–Понятно, – Алла глубоко задумалась, но вскоре продолжила, – все-таки очень странный тип. Тем более, здесь никого не может быть, кроме меня.
–Он думает так же.
–Пойми, – собеседница протянула руки в мою сторону, жест убеждения, – он слишком неправдоподобный.
–А ты?
–Все его аргументы – слова. Ты пожал ему руку? Или хоть как-то касался? – в этот момент до меня дошел посыл нашей беседы. Алла думает, что Вадим – галлюцинация, появившаяся у меня здесь в результате стресса или чего-то еще. И теперь эта девушка доказывает, не говоря прямо, что я просто-напросто тронулся умом, пока находился здесь в одиночестве, один на один со своим дневником. Видимо, чтобы меня не тревожить или злить, она не говорит свои соображения прямо, а только намекает. Сейчас выдалась пауза.
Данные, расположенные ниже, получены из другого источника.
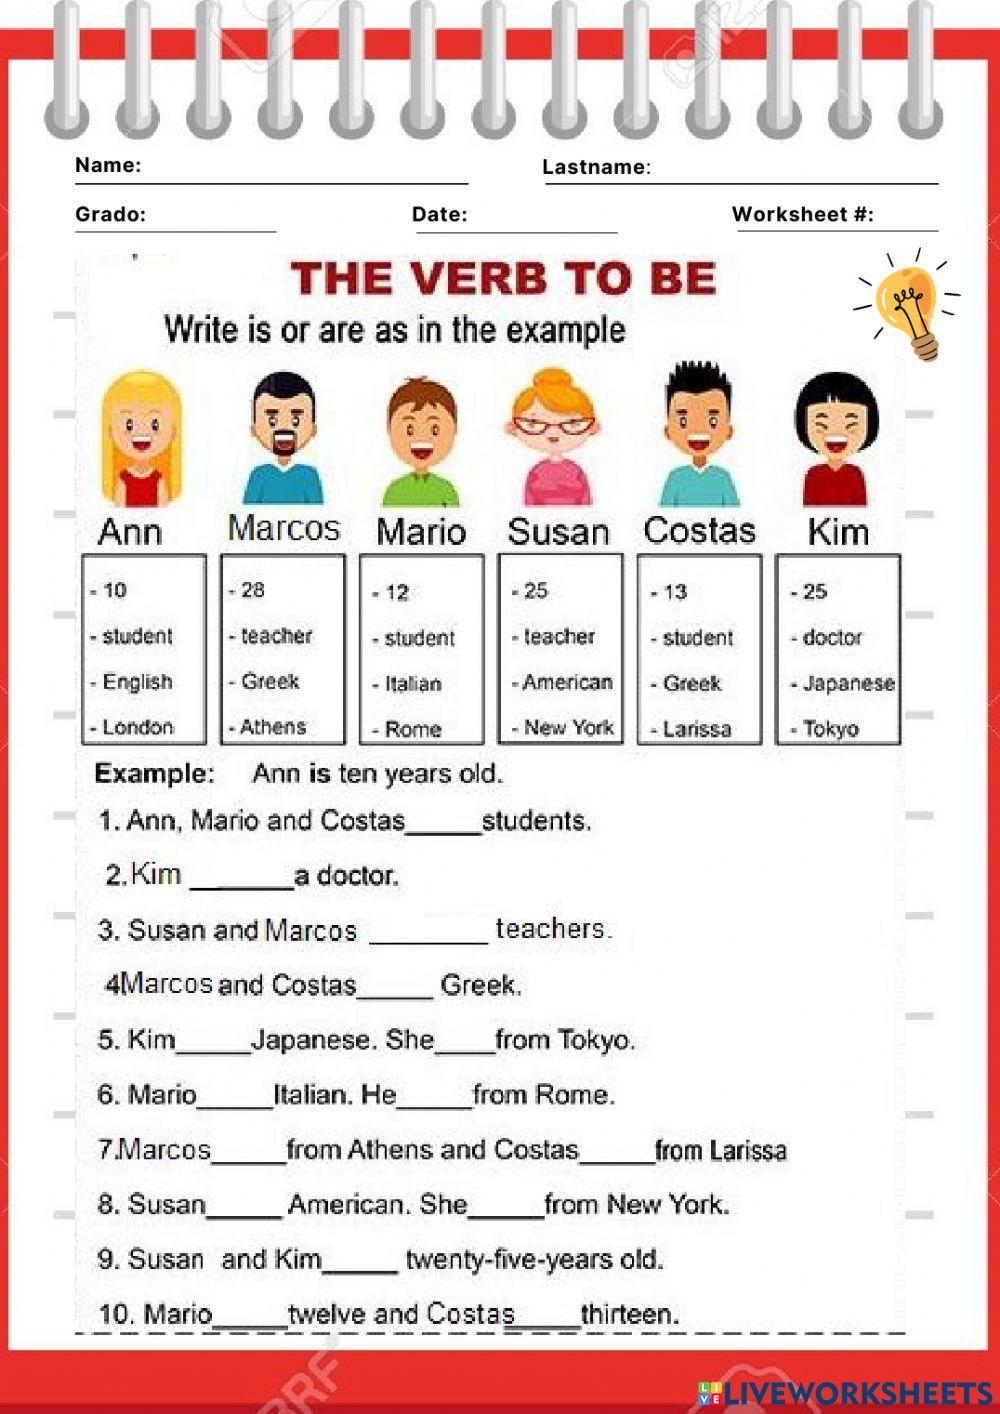 Verb to be - afirmative -Practica

Алла заметила, что я стал выглядеть встревоженным и печатаю довольно нервно.
–Кажется, я понял, на что ты намекаешь, – стало поистине страшно. Больше не могу говорить, сейчас быстро печатаю, лишь бы не оставаться наедине со своими мыслями. Надеюсь, что выплескивание на электронную бумагу прогонит их из моей головы. Уже не знаю, как продолжить предложение, но останавливаться страшнее. Боже мой, неужели я действительно сошел с ума? Теперь обе теории говорят об этом. Раньше хотя бы Алла не утверждала подобное. Что делать? Что делать? Не хочу говорить!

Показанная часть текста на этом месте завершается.